Prompt –
Copy every entry exactly as given, minus the images.

Source records –
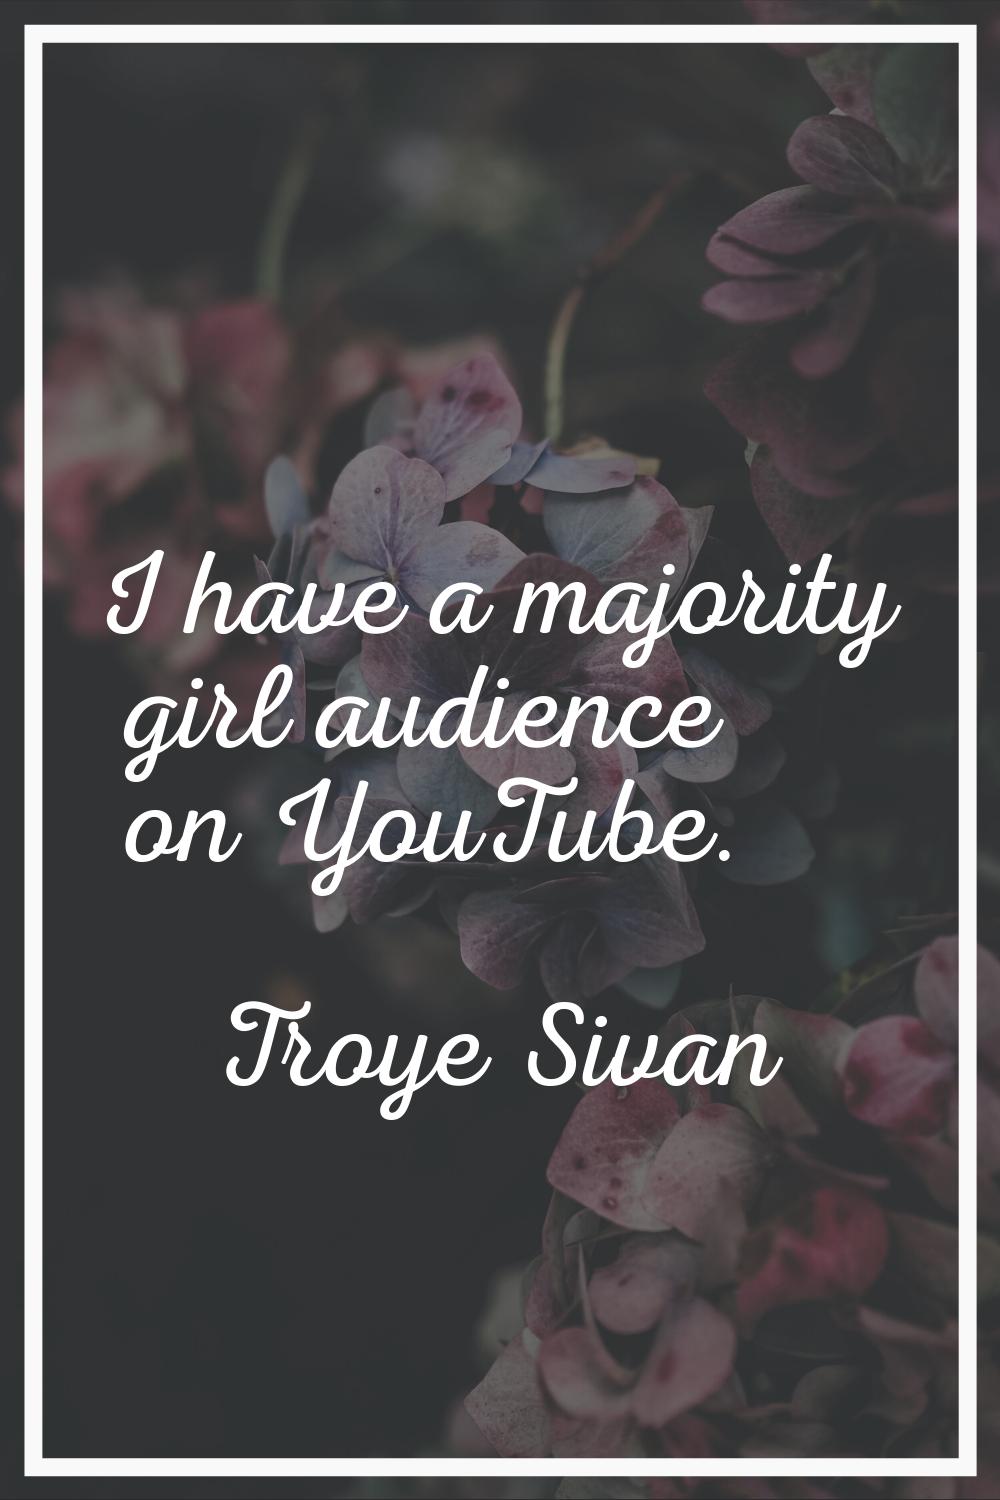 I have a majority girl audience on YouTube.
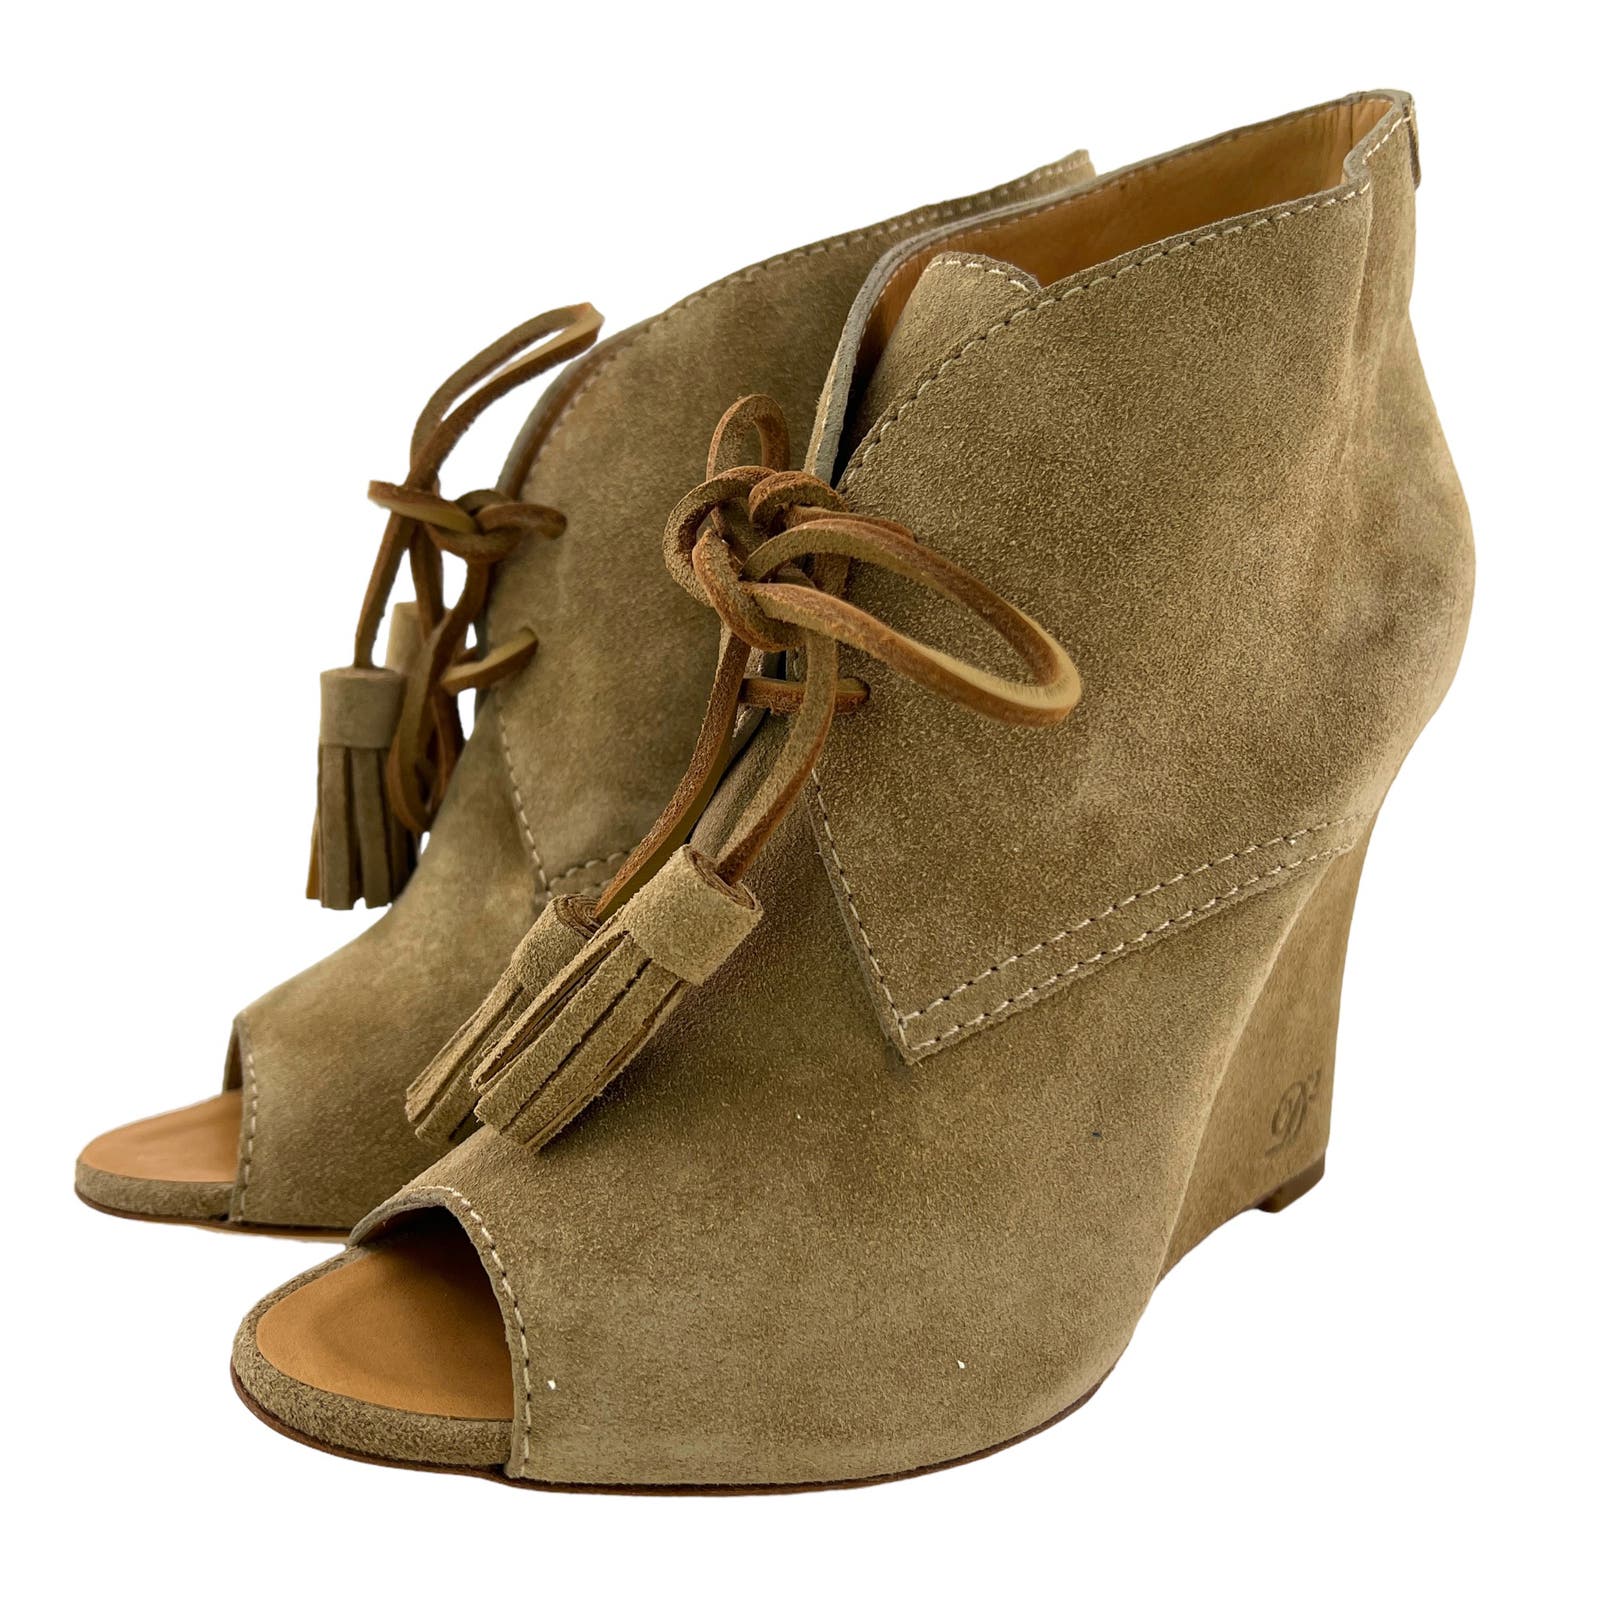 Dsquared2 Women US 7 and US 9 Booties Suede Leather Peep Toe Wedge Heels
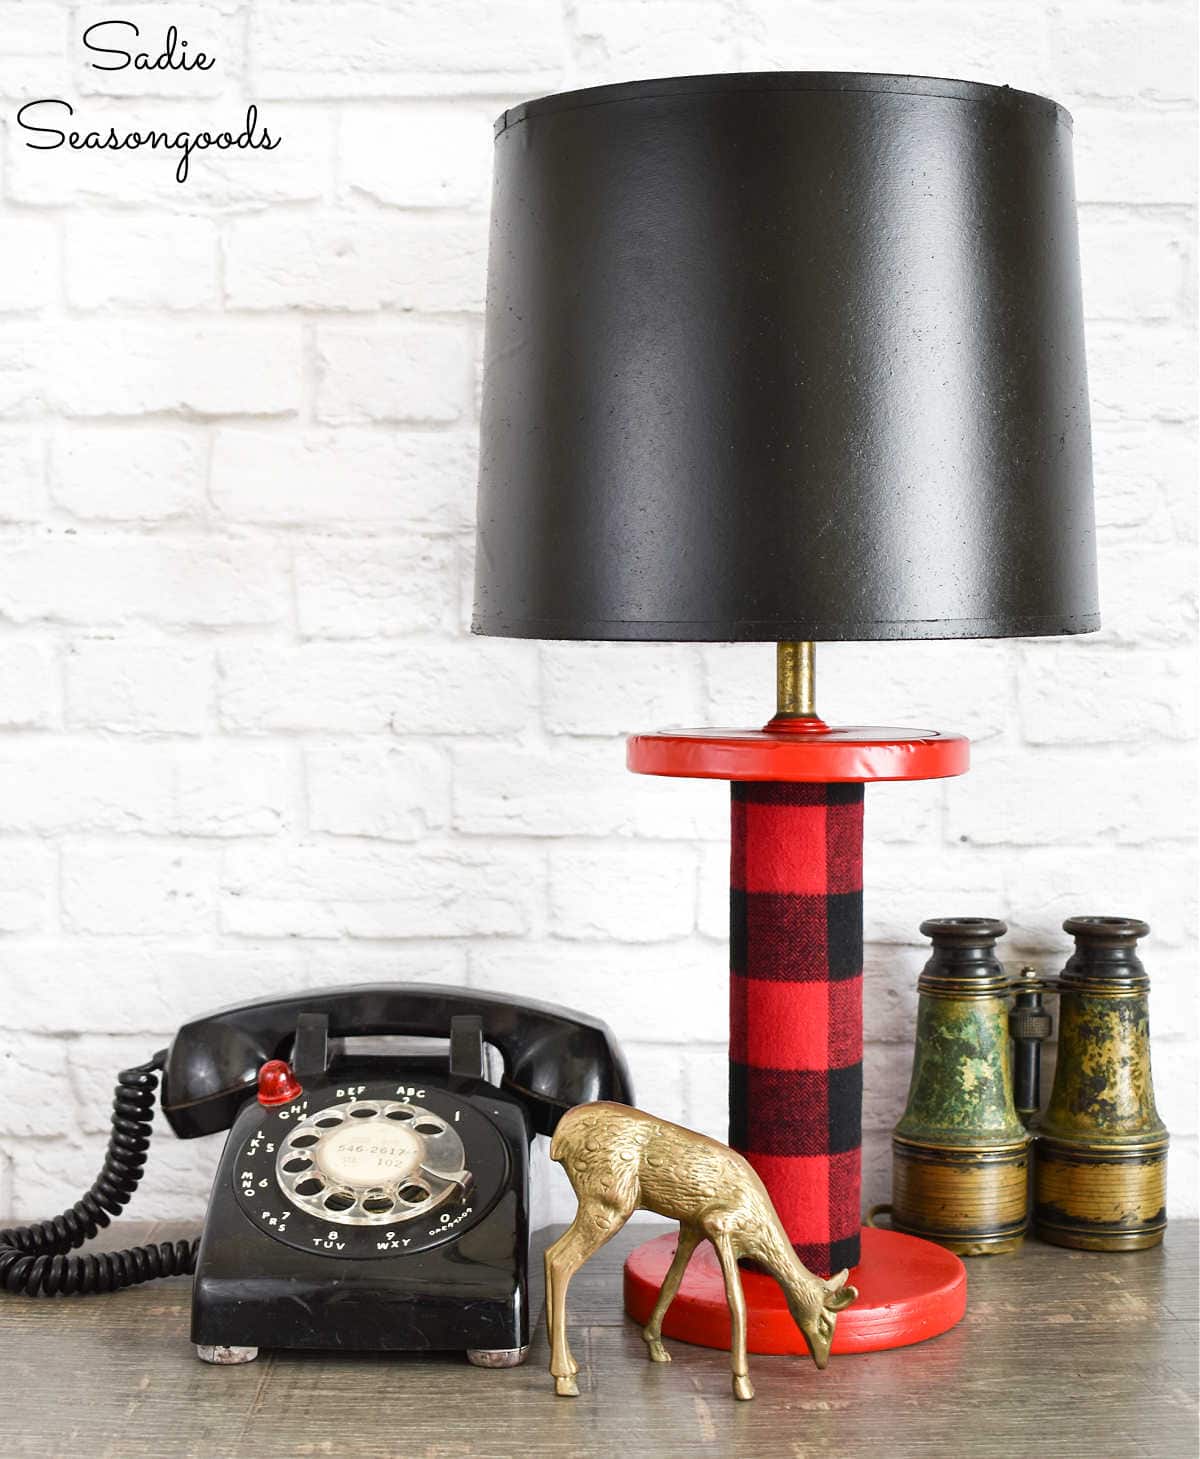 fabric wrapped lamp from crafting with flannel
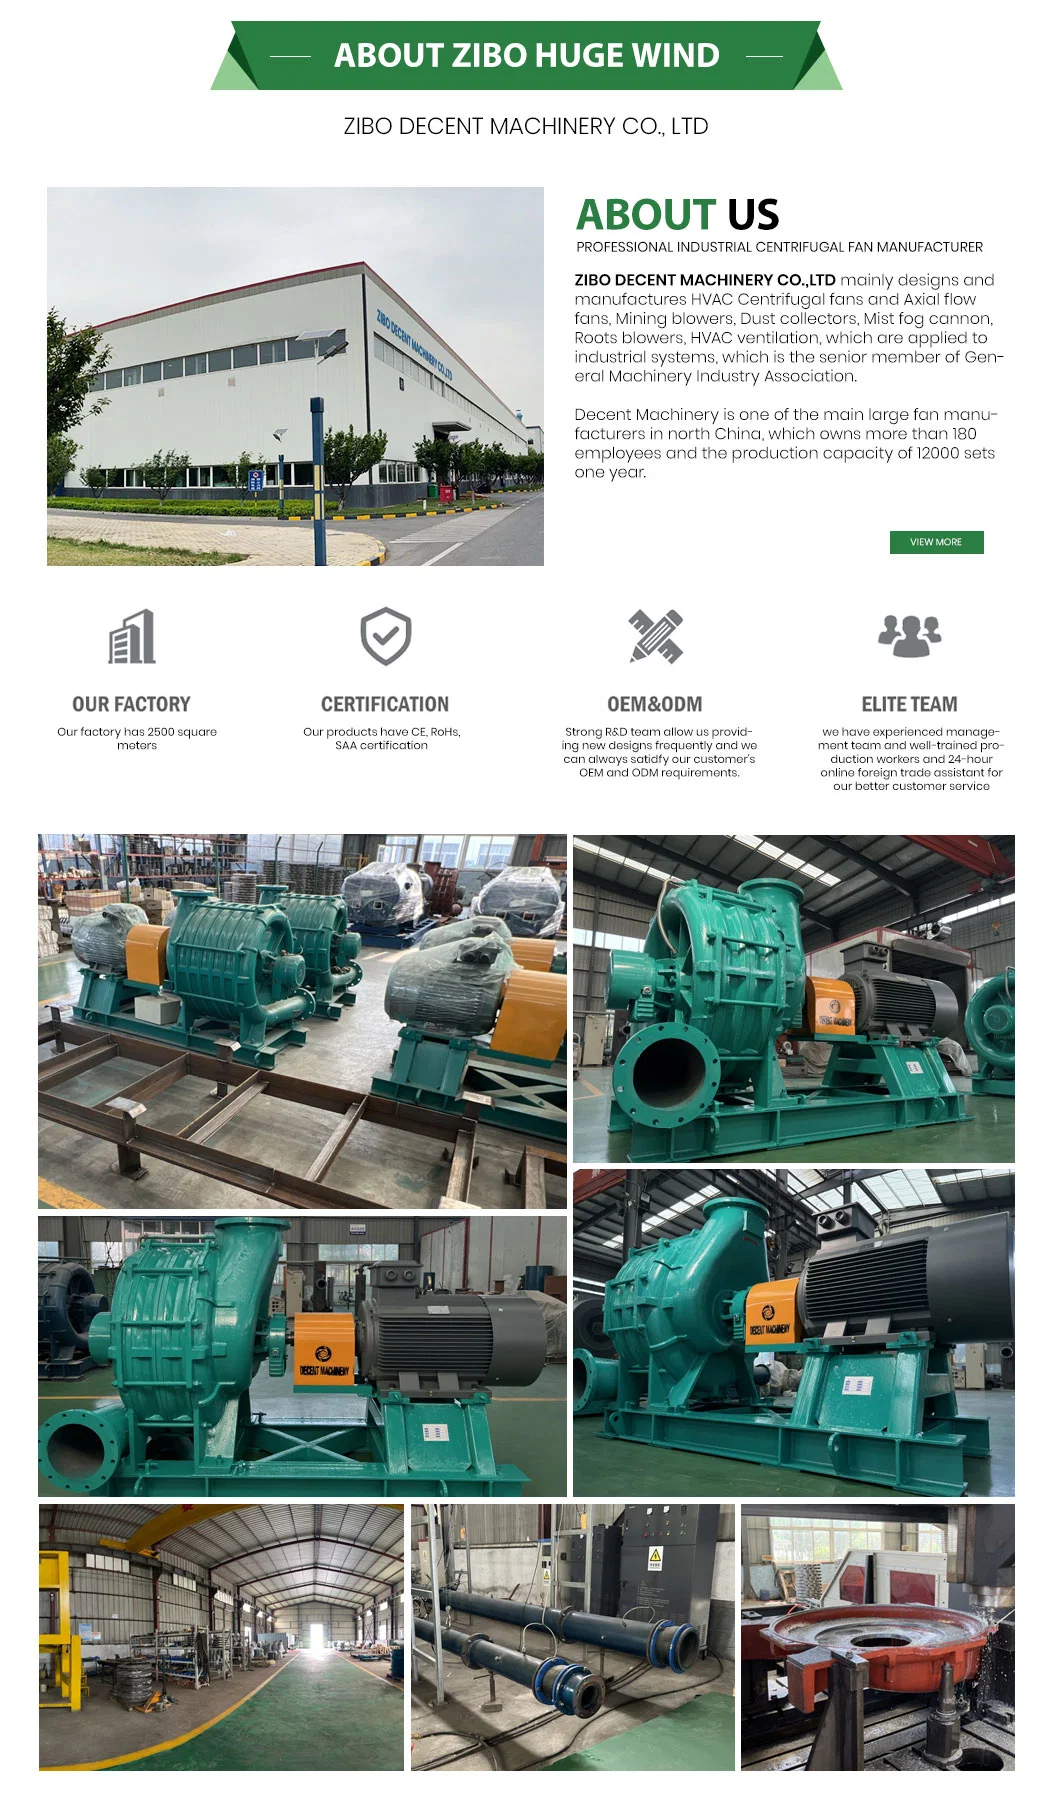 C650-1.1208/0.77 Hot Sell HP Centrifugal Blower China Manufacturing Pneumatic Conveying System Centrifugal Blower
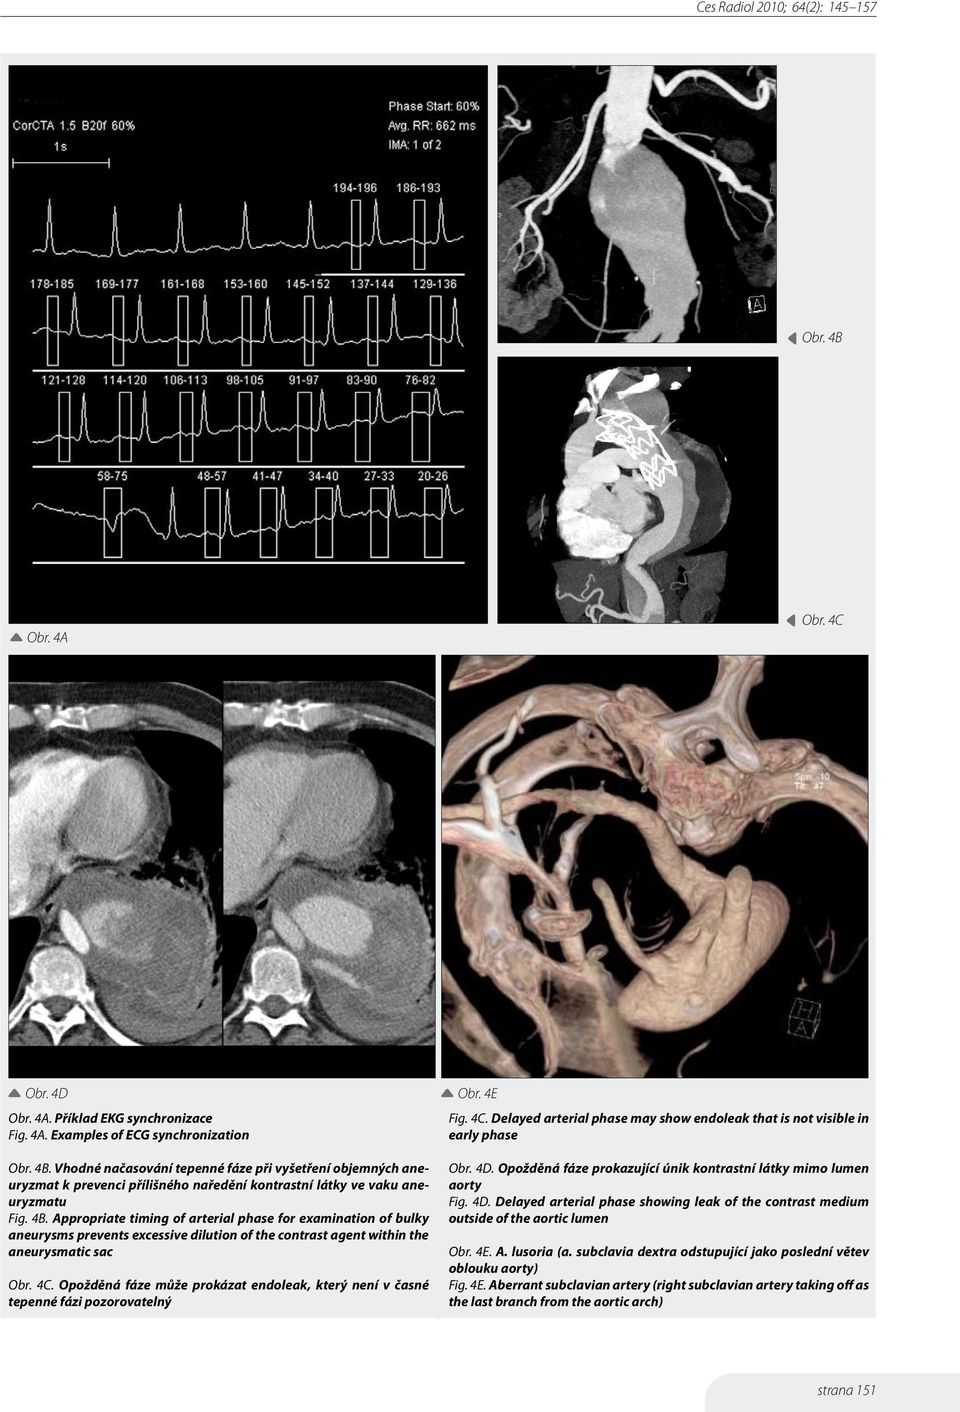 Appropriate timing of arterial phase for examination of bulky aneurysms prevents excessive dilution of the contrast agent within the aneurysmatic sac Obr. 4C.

Written solution –
 I have a majority girl audience on YouTube.
 Dsquared2 Women US 7 and US 9 Booties Suede Leather Peep Toe Wedge Heels
 fabric wrapped lamp from crafting with flannel
 C650-1.1208/0.77 Hot Sell HP Centrifugal Blower China Manufacturing Pneumatic Conveying System Centrifugal Blower
 Appropriate timing of arterial phase for examination of bulky aneurysms prevents excessive dilution of the contrast agent within the aneurysmatic sac Obr. 4C.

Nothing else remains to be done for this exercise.